O êxodo ameaça décadas de conquistas que ajudaram a tirar comunidades inteiras da pobreza. E é um enorme retrocesso para uma região que luta para escapar de sua armadilha secular — a dependência muitas vezes destrutiva da exportação de matérias-primas — e caminhar em direção a uma economia baseada no conhecimento.

E ainda: Pelo menos 5,7 milhões de estudantes precisam pagar internet para ter aula na rede pública

Prieto, uma mãe solteira de 30 anos que ajuda no sustento dos pais, perdeu o emprego como recepcionista. Incapaz de se manter na faculdade, ela abandonou o curso e também perdeu a vaga de sua filha na pré-escola da universidade.

— Este ano para mim foi o ano. E tudo desmoronou — disse.

Desde o início dos anos 2000, grandes investimentos regionais ajudaram a matricular no ensino superior em toda a América Latina mais que o dobro de alunos até então, passando de 20% para mais de 50% da população em idade universitária, de acordo com o Banco Mundial.

A expansão permitiu que milhões de grupos antes excluídos, incluindo estudantes indígenas, rurais e negros, ingressassem na universidade.

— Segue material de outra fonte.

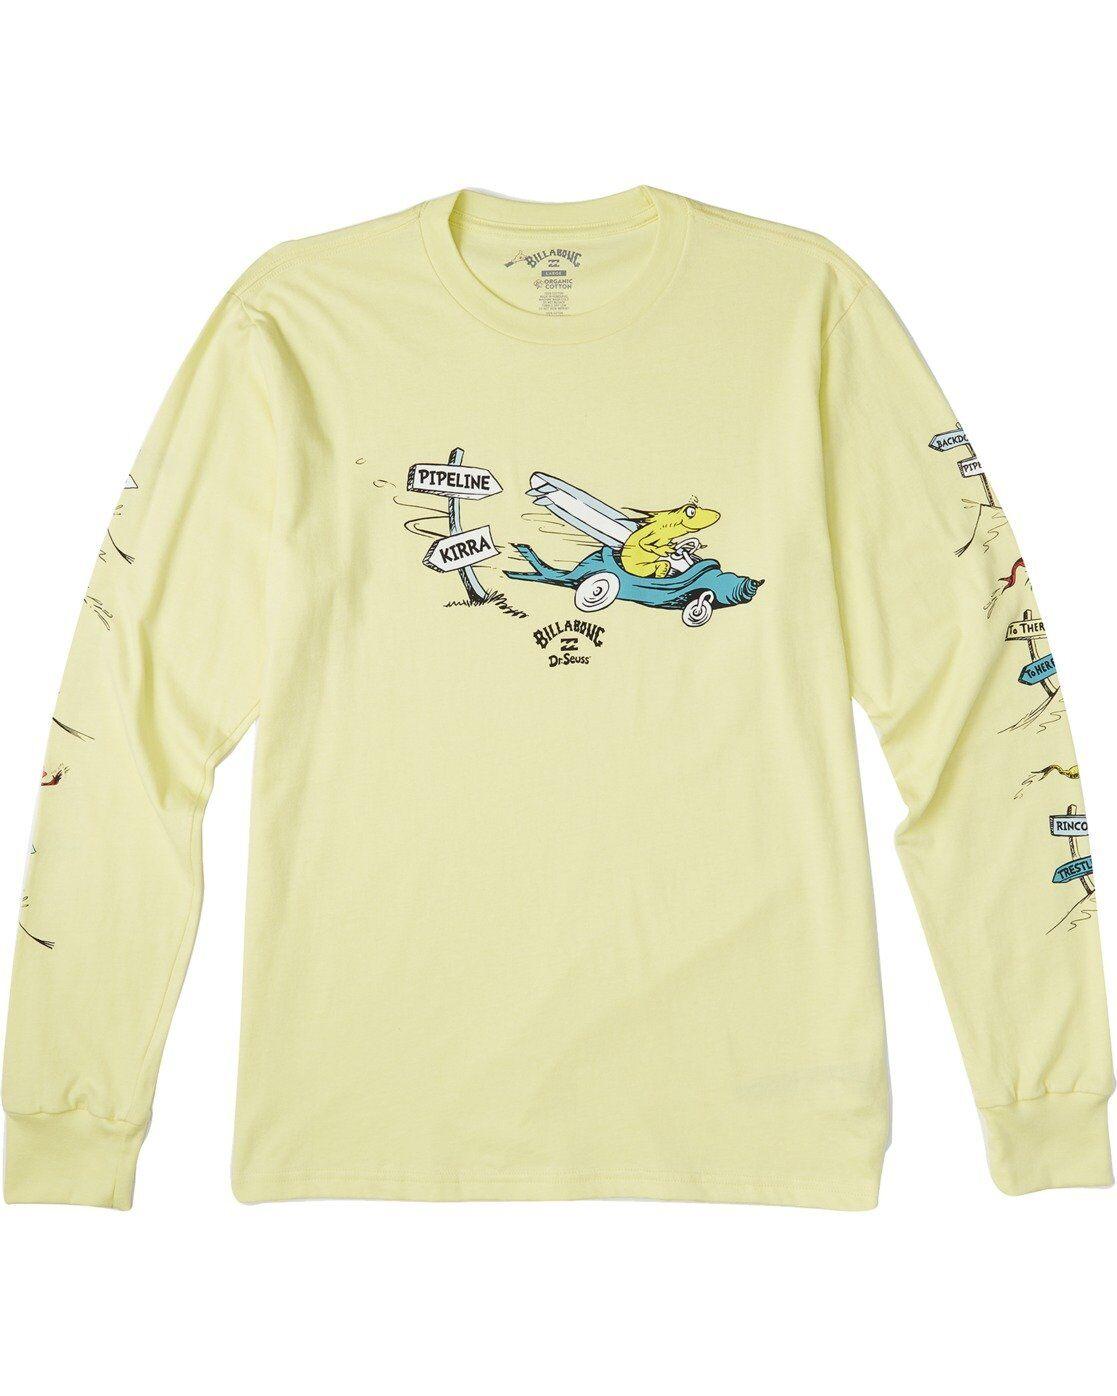 Billabong Boys' (2-7) Little Car Long Sleeve T-Shirt  - Yellow - Size: Small

— Estávamos saindo de uma trajetória positiva, estávamos mudando a narrativa — disse Sandra García, pesquisadora colombiana que estuda educação na era da Covid-19 para as Nações Unidas. — E esta grande queda vai pôr um fim a grande parte desse progresso.

Dinheiro investido em plano de internet em vez de comida

Em meio à quarentena, o desemprego juvenil disparou e muitos estudantes não conseguem pagar as mensalidades, que, mesmo nas universidades públicas, podem custar de uma a oito vezes o salário mínimo mensal.

A maioria dos cursos agora é online, mas milhões de pessoas não têm internet, nem mesmo uma conexão confiável de celular.

Na principal universidade pedagógica da Colômbia, o reitor Leonardo Fabio Martínez disse que até metade dos alunos da universidade podem desistir este ano, levantando questões sobre quem vai ensinar a próxima geração de alunos do ensino fundamental.

Em uma universidade pública da cidade de Manizales, uma professora disse que conectar seus alunos de arquitetura à internet por meio de telefones celulares para um único dia de aula custa o equivalente a uma semana de gastos com comida.

Alguns alunos disseram que estavam passando fome para pagar pelos planos de dados, enquanto outros se escondiam nas escadas de seus prédios para capturar melhor o wi-fi de seus vizinhos e digitaram a lição de casa em seus celulares. Mas, ao tentarem enviar o conteúdo, não conseguiam.

Gabriela Delgado toca violocelo em meio a acampamento de estudantes que protestavam por ajuda financeira do governo colombiano para custear seus estudos universitários durante a crise da Covid-19. Foto: FEDERICO RIOS / NYT
Gabriela Delgado toca violocelo em meio a acampamento de estudantes que protestavam por ajuda financeira do governo colombiano para custear seus estudos universitários durante a crise da Covid-19. Foto: FEDERICO RIOS / NYT

As mulheres jovens, em particular, enfrentam as maiores taxas de desemprego do país. Alguns recorreram ao chamado trabalho de webcam, em que praticam atos sexuais na Internet em troca de dinheiro.

— Tenho que pagar meus estudos e sustentar minha casa, pagar contas, comida, sustentar minha mãe e minhas duas irmãs — disse uma das alunas, que perdeu o emprego em meio à crise e se voltou para a internet “em um momento de desespero”.

Na Universidade Nacional, uma prestigiosa universidade pública da capital, Bogotá, vários estudantes fizeram greve de fome em 10 de agosto, acampados em uma dúzia de barracas no campus vazio para pedir ao governo para cobrir suas mensalidades, já que suas famílias chegaram ao fundo do poço.

— Não vejo outra opção para pagar o semestre inteiro — disse Gabriela Delgado, uma estudante de música de 22 anos que participou da greve de fome.

Durante semanas, ela dormiu em uma tenda entre a faculdade de economia e a faculdade de ciências humanas, e passou por exames médicos diários feitos por um voluntário. Quando ela tinha energia, pegava seu violoncelo e tocava fragmentos de Bach para seus colegas manifestantes.

A greve terminou em 28 de agosto sem que o governo acatasse seus pedidos.